Monday, 26 August 2013

Downtown Sheerness on a misty day...Let's hear it for Sheerness!

There I was, coming out of the station with no idea where to go next. Thankfully, help was at hand in the form of a sign giving directions to the most important sights:

Two things:

Firstly, I'm a day tripper, a tourist. I have no need to use the local DSS Office, which, as an aside, is now referred to as "Jobcentre Plus". I will also arrive in the hope that a visit to the local police station won't be necessary. 

Secondly, and now listen up, whoever you are in charge or discharge of signage at the local authority, which presumably is Swale Borough Council: We are all aware of the various socio - economic problems that seem to cause issues on Sheppey, but is it really necessary to showcase them in this rather inept and completely avoidable fashion? Take a course in PR, marketing or tourism, but, above all, find a strategically superior position for the sign, you numpties! And Pronto!

Without further hesitation, I made my way to the seafront via Tesco's carpark. At this point, there was still a fair amount of sunshine and I arrived at the stretch closest to the Docks. I expected an avalanche of bank holiday tourists. I was prepared for the worst and more .....mobility scooters, but (surprise! surprise!) the seafront was pretty much deserted, in fact there were almost as many ships as people. Great, if you are into inline skating or power walking!

The mist by now covered the sky and the entire atmosphere around. No sight of Southend - on - Sea in the distance. It was high - tide and the sea was quite lively, as is usually the case on the Isle. Still, it was pleasant, warm, breezy, and yet I cannot recall ever witnessing as much mist as this on the coast, especially on a day in late August. Sheppey, the Misty (windy) Isle, you are an amateur photographer's worst nightmare...Perhaps, I should have adjusted the ISO? Who knows? 

Nonetheless, there were quite a few sights to behold. Nothing that could be described as overtly pretty. Sheppey is more of a destination for people who wish to remain grounded in some kind of reality.
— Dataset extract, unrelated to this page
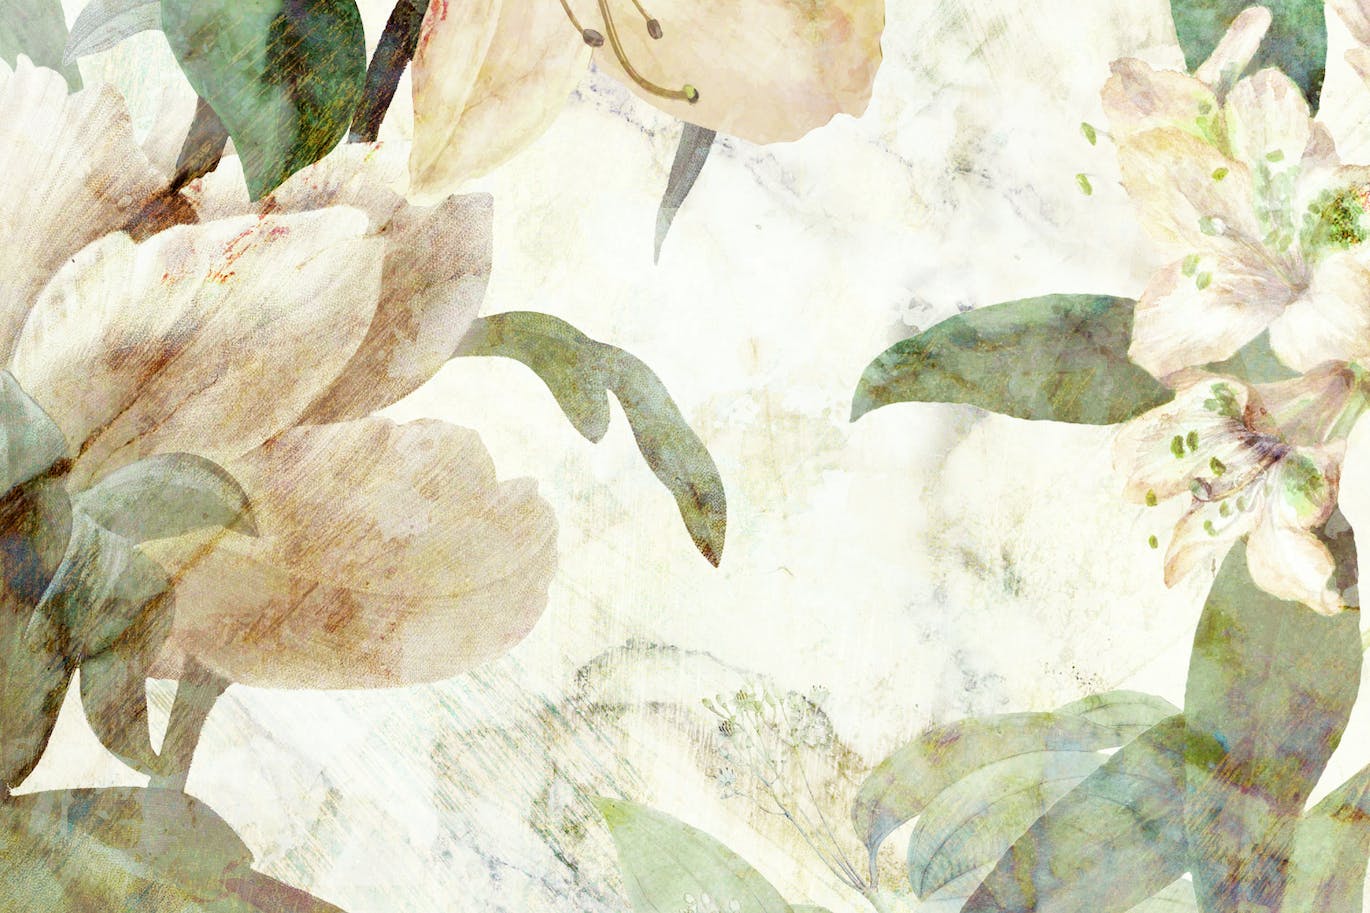 古老壁画花卉图案素材 Old Fresco Flowers 图片素材 第4张

This could be the reality of naval history, industrial heritage (rather, its legacy) or the first - hand experience of the economic deprivation witnessed across seaside towns in Britain these days. In other words, it's a bit of a nerdy destination and that's what makes it chique in my book. 

Recession in Action!... because purely pretty is boring:

World War II Pillbox, Sheerness Seafront

These World War II pillboxes are located just next to Sheerness docks. Pillbox - enthusiasts will notice that the pillbox in the picture below on the left seems to have been camouflaged by giving it the appearance of a residential property.

Pillboxes, Sheerness Seafront 

A selection of cargo - Sheerness docks

If you didn't come across random acts of vandalism, it wouldn't be Sheppey. The prize for the most 'inventive' act of anti - social behaviour goes to whoever decided to dispose off two Tesco trolleys in the ditch next to Sheerness docks:

Hey Tesco's! I found your trolleys in a ditch! 

Street art on Sheppey is usually understated and the same applies to Ros Barber's poem inscribed on the steps of the seawall. The poem deals with the 3000 tons of explosives that are still buried off Sheppey's shores inside the hull of the shipwrecked SS Richard Montgomery. If detonated, it has been suggested that the explosion could potentially cause a Tsunami, thus significantly rearranging the entire local geography with shock waves reaching as far as East London (approximately 35 miles). 

Ros Barber's poem inscribed on the steps of the seawall

Sporting the distressed look: The Ship on Shore Pub

I have no idea what was being transported in the black plastic sacks, but these islanders seemed in a hurry to get to their destination:

The Locals

Juvenile Seagull and its dinner

On this occasion I didn't venture into Bluetown, but I passed it on my way along the abandoned steel mill.

Despite pleasant weather conditions and a red and yellow flag, the seafront seemed oddly deserted, especially considering that my visit coincided with the August bank holiday weekend.

Deserted Sheerness seafront despite a red and yellow flag 

A visit to Sheerness wouldn't be complete without passing the distinct pink Victorian row of terraces. The islanders refer to these as "Shrimp Terrace".

Shrimp Terrace, Sheerness - on - Sea

Sufficiently refreshed by the breeze, I decided to make my way from the promenade to Sheerness High Street, which was still fairly busy with shoppers. As the light started to fade and the visibility was poor, I only managed to take a shot of the rather colourful clocktower before making my way to the station for the return journey to Sittingbourne, which in the end turned out to be rather eventful.